20- Cantor(a): Marisa Monte.
21- Música: Detalhes (Roberto Carlos).
22- Vício: Um bom chope (“Geralmente tomo sozinha, depois de ir à praia”).
23- Programa de TV: Novela.
24- Estilo de roupa: “Perua-formal”.
25- Programa de índio: Ir a um bar da Lapa à noite (“Prefiro morrer” - risos).

Lucas Landau 

Ruan

1- Filme: Em algum lugar do passado.
2- Diretor/cineasta: Steven Spielberg.
3- Ator/atriz: Morgan Freeman.
4- Livro: Do fundo dos seus olhos (Dean Koontz).
5- Gênero: Ficção.
6- Comida: Lasanha.
7- Projetos para o futuro: Começar minha vida profissional.
8- O melhor da Universidade: O campus (o clima, o ambiente, as pessoas).
9- Hobby: Computador e música.
10- Maior qualidade: Cuidado com as outras pessoas e esforço para não magoá-las.
11- Maior defeito: Preguiça, com certeza (“Costumo dizer que puxei metade da minha mãe: herdei a inteligência dela, mas não a determinação, definitivamente”).
12- Lugar: São José do Vale do Rio Preto (Assim como Iara, tem carinho especial pelo lugar onde viveu maior parte se sua vida. “Como a cidade é pequena, acaba sendo sua casa: todo mundo se conhece.
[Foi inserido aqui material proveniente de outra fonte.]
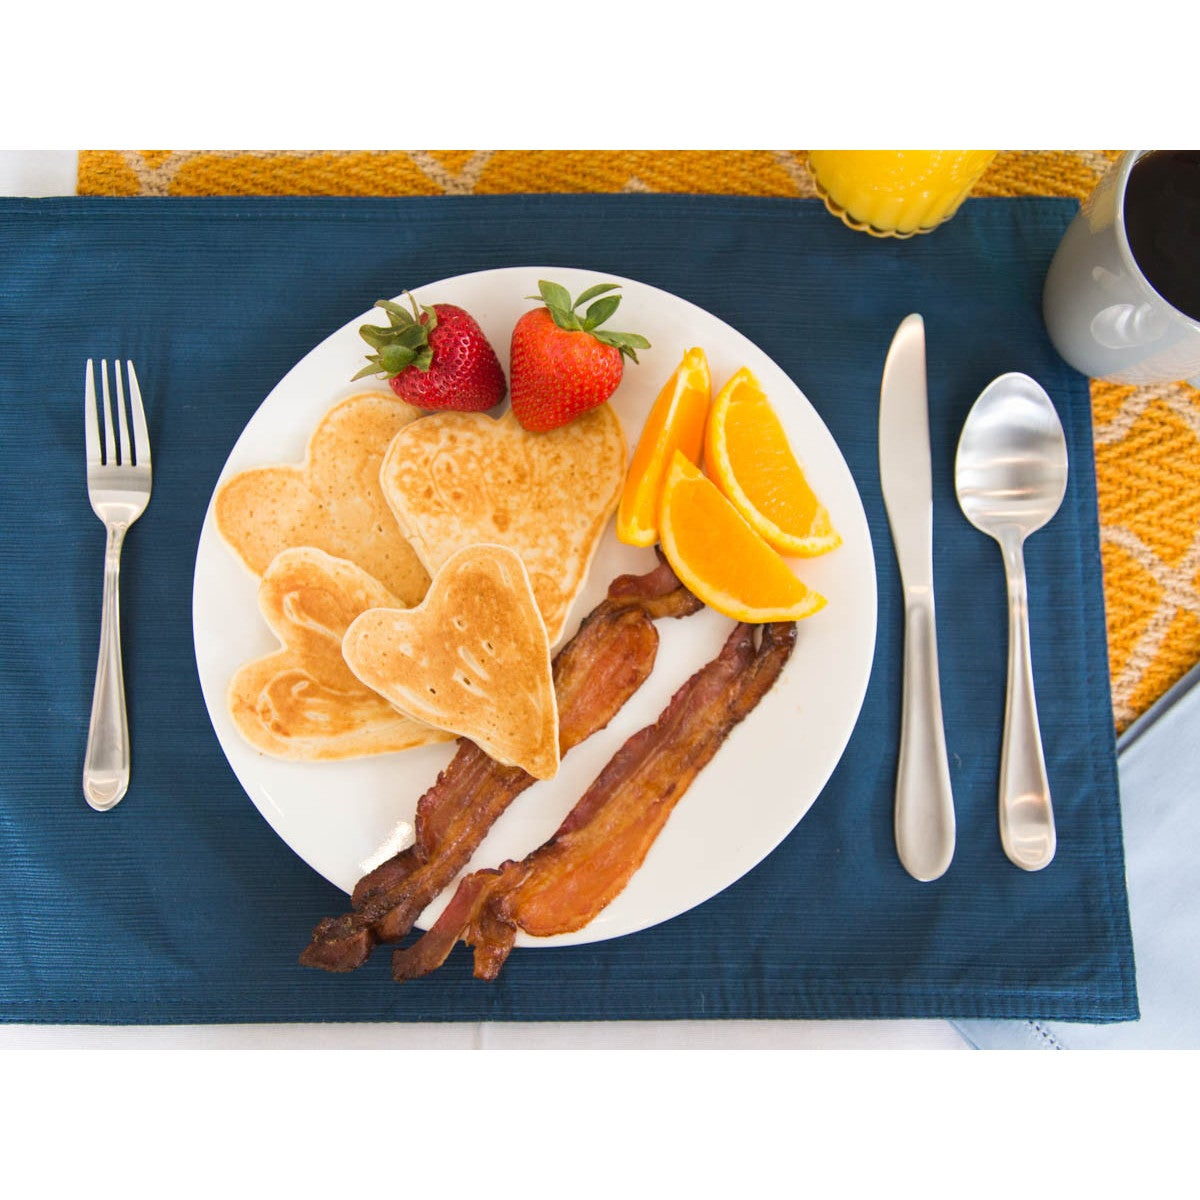 Corelle Livingware Winter Frost White Dinner Plate (Set of 6) - Free Shipping On Orders Over $45 - Overstock - 18637529  sc 1 st  Overstock.com & Corelle Livingware Winter Frost White Dinner Plate (Set of 6) - Free ...

Meu sonho é voltar para lá quando me aposentar”).
13- Ídolo na profissão: Não tem (“Eu poderia até dizer Bill Gates, mas não consigo venerá-lo).
14- Ídolo em geral: Não tem (“Não consigo venerar nem banda de música”. Iara pergunta: “E os Beatles?”, mostrando a camisa da banda, com a qual veio vestida. Ele responde que gosta muito, mas, mesmo assim, não os encara como ídolos. Iara, que gosta “demais” dos Beatles, diz que chegou a vê-los em Londres, em 1965, quando estouraram. “Só depois eu soube que o que tinha presenciado foi um momento histórico”).
15- Um arrependimento: Ter culpado o pai por não poder se inscrever na PUC, tendo que esperar um semestre (O pai o havia obrigado a ir para o colégio particular no 1° ano, e ele não queria ir porque todos os seus amigos estavam no antigo colégio. “Fiquei um dia inteiro sem falar com ele”).
16- Um orgulho: Os pais.
17- Uma frase: Hoje é um bom dia para ser feliz.
18- Esporte: Handball.
19- Time de futebol: Flamengo.
20- Cantor(a): Céline Dion.
21- Música: Somewhere over the rainbow (A versão original).
22- Vício: Computador.
23- Programa de TV: CQC.
24- Estilo de roupa: Confortável.
25- Programa de índio: Ir para o mercadão de Madureira; festa de 15 anos em que não se conhece ninguém; ir à praia em passeio de colégio.